The listing below contains a span that opens with the line containing "Купить в Москве" and closes with the line containing "nederlands beschrijving een". Return that span exactly.
-- RECORDS FOR THIS TASK follows --
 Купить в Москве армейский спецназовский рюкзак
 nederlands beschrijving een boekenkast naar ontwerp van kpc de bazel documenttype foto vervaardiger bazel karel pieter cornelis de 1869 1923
-- RECORDS FOR THIS TASK concluded --
-- RECORDS FOR THIS TASK follows --
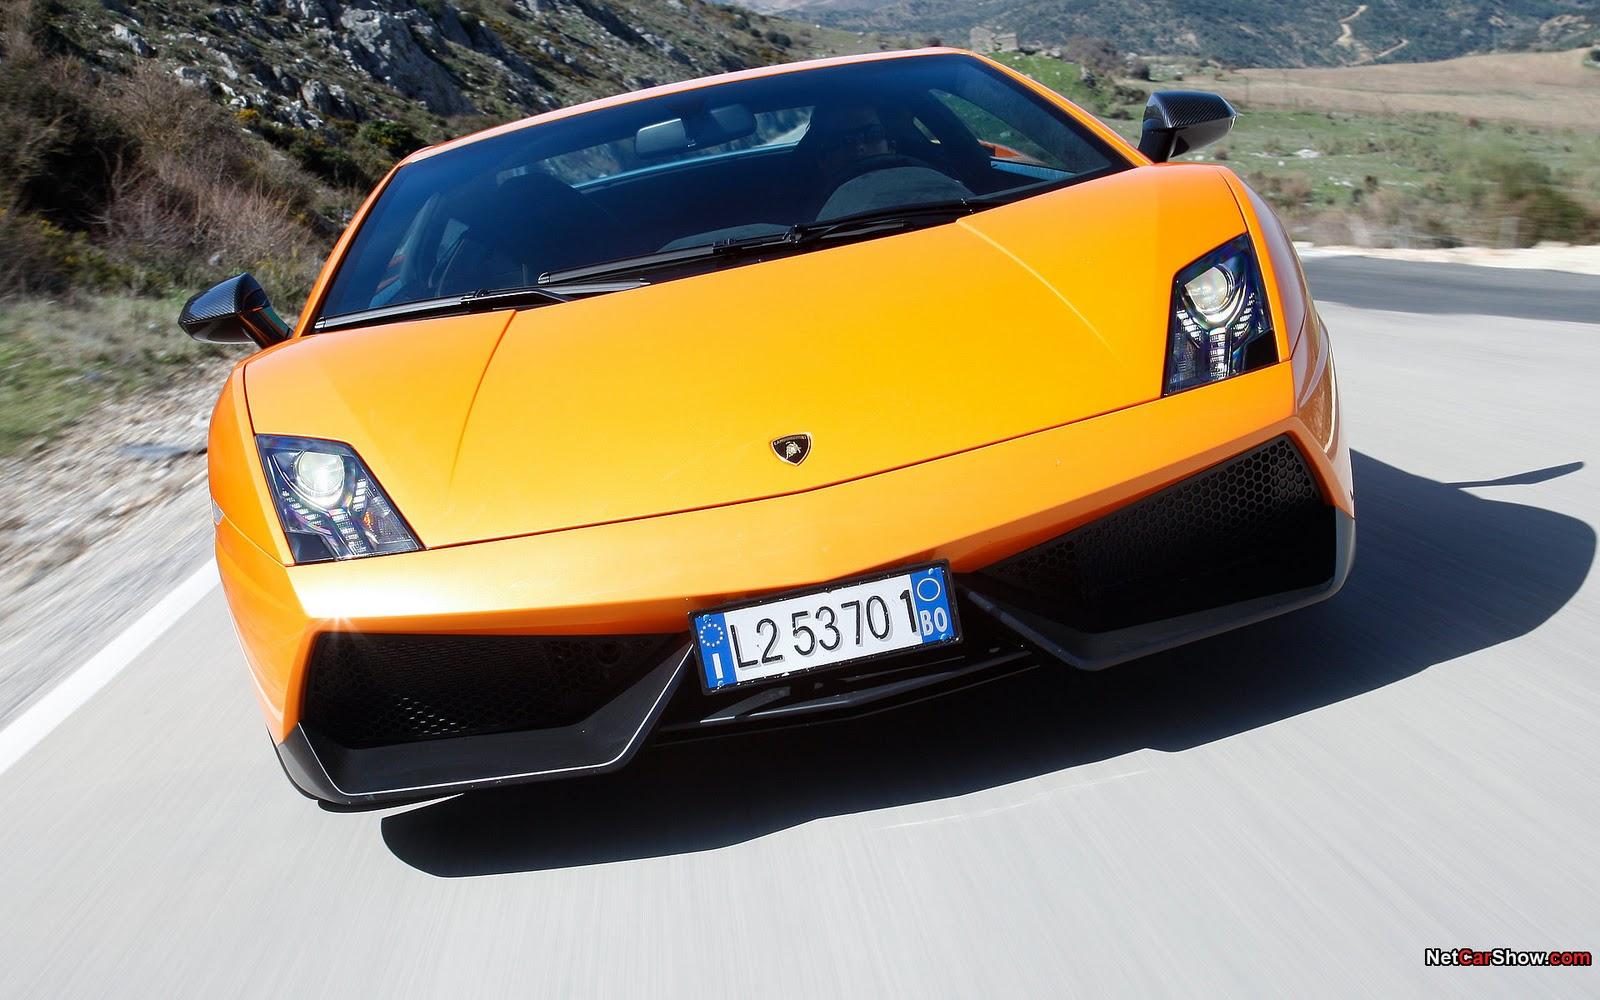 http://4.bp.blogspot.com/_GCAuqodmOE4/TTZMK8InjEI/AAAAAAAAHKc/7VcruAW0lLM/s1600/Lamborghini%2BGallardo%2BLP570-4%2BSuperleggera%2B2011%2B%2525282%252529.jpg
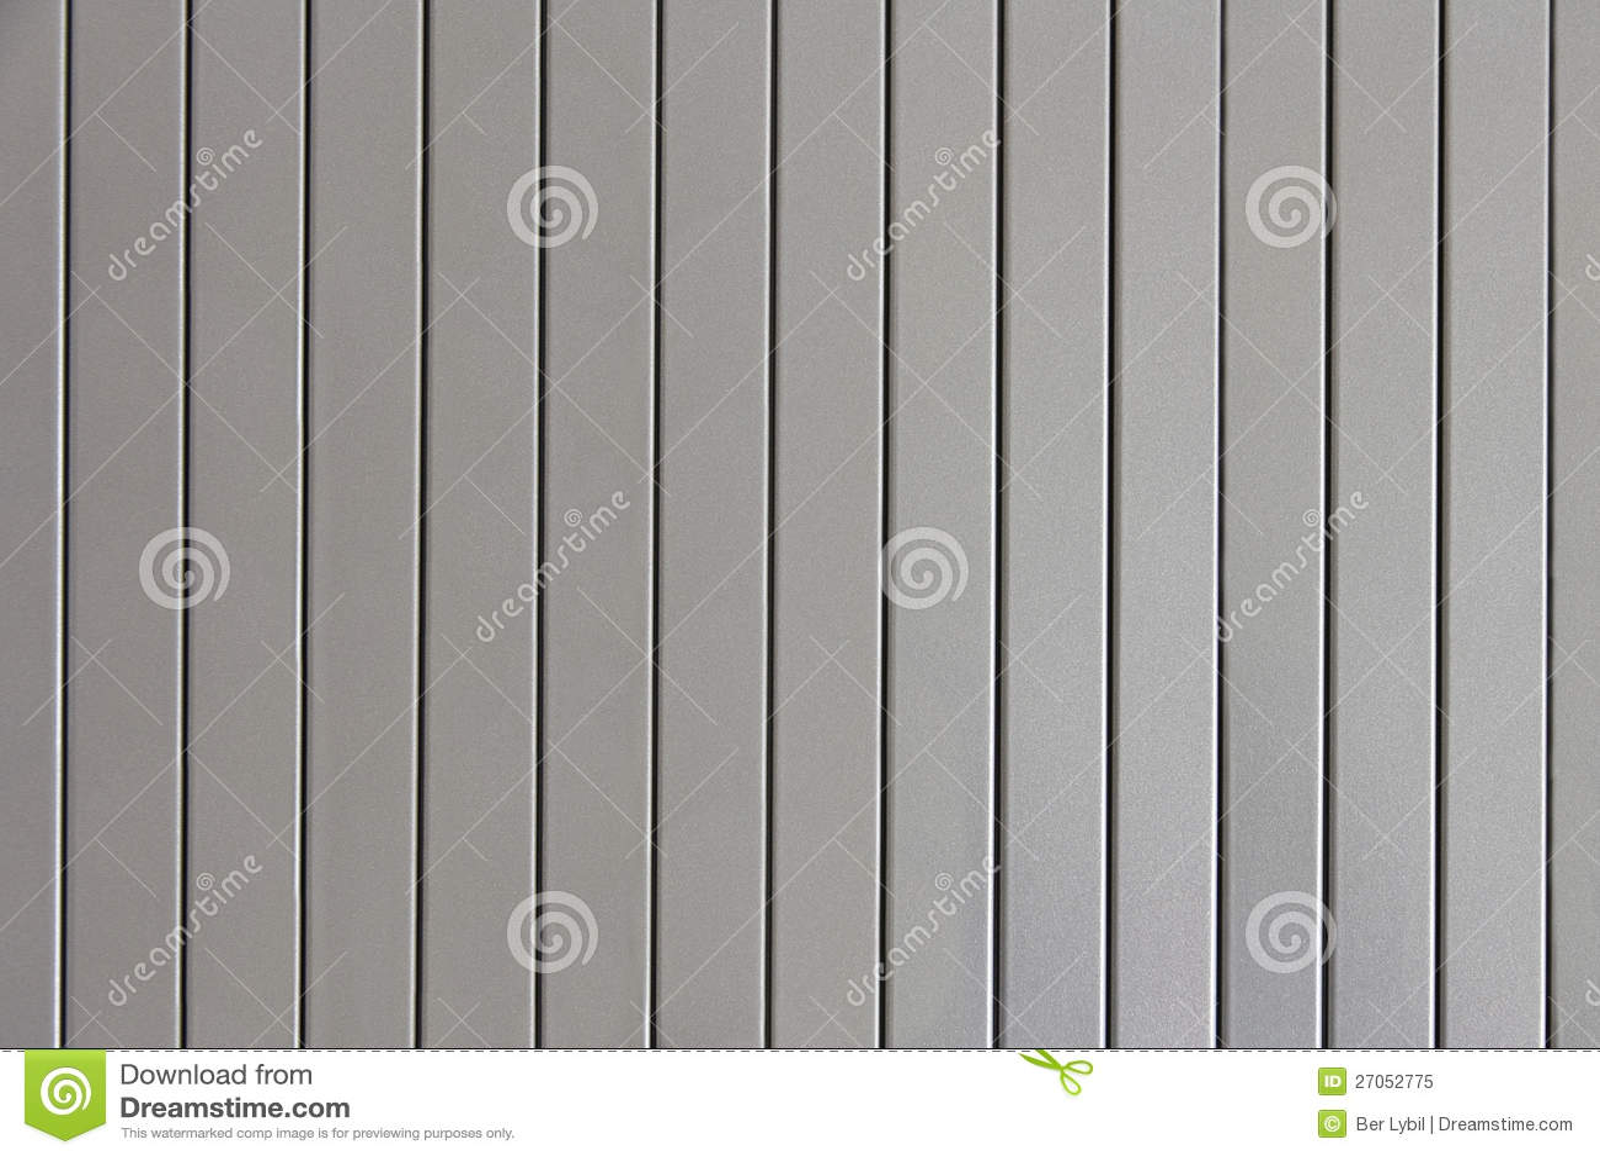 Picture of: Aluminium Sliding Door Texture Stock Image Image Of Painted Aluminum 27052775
-- RECORDS FOR THIS TASK concluded --
- RESULT FOR THIS EXERCISE -
 Купить в Москве армейский спецназовский рюкзак
 nederlands beschrijving een boekenkast naar ontwerp van kpc de bazel documenttype foto vervaardiger bazel karel pieter cornelis de 1869 1923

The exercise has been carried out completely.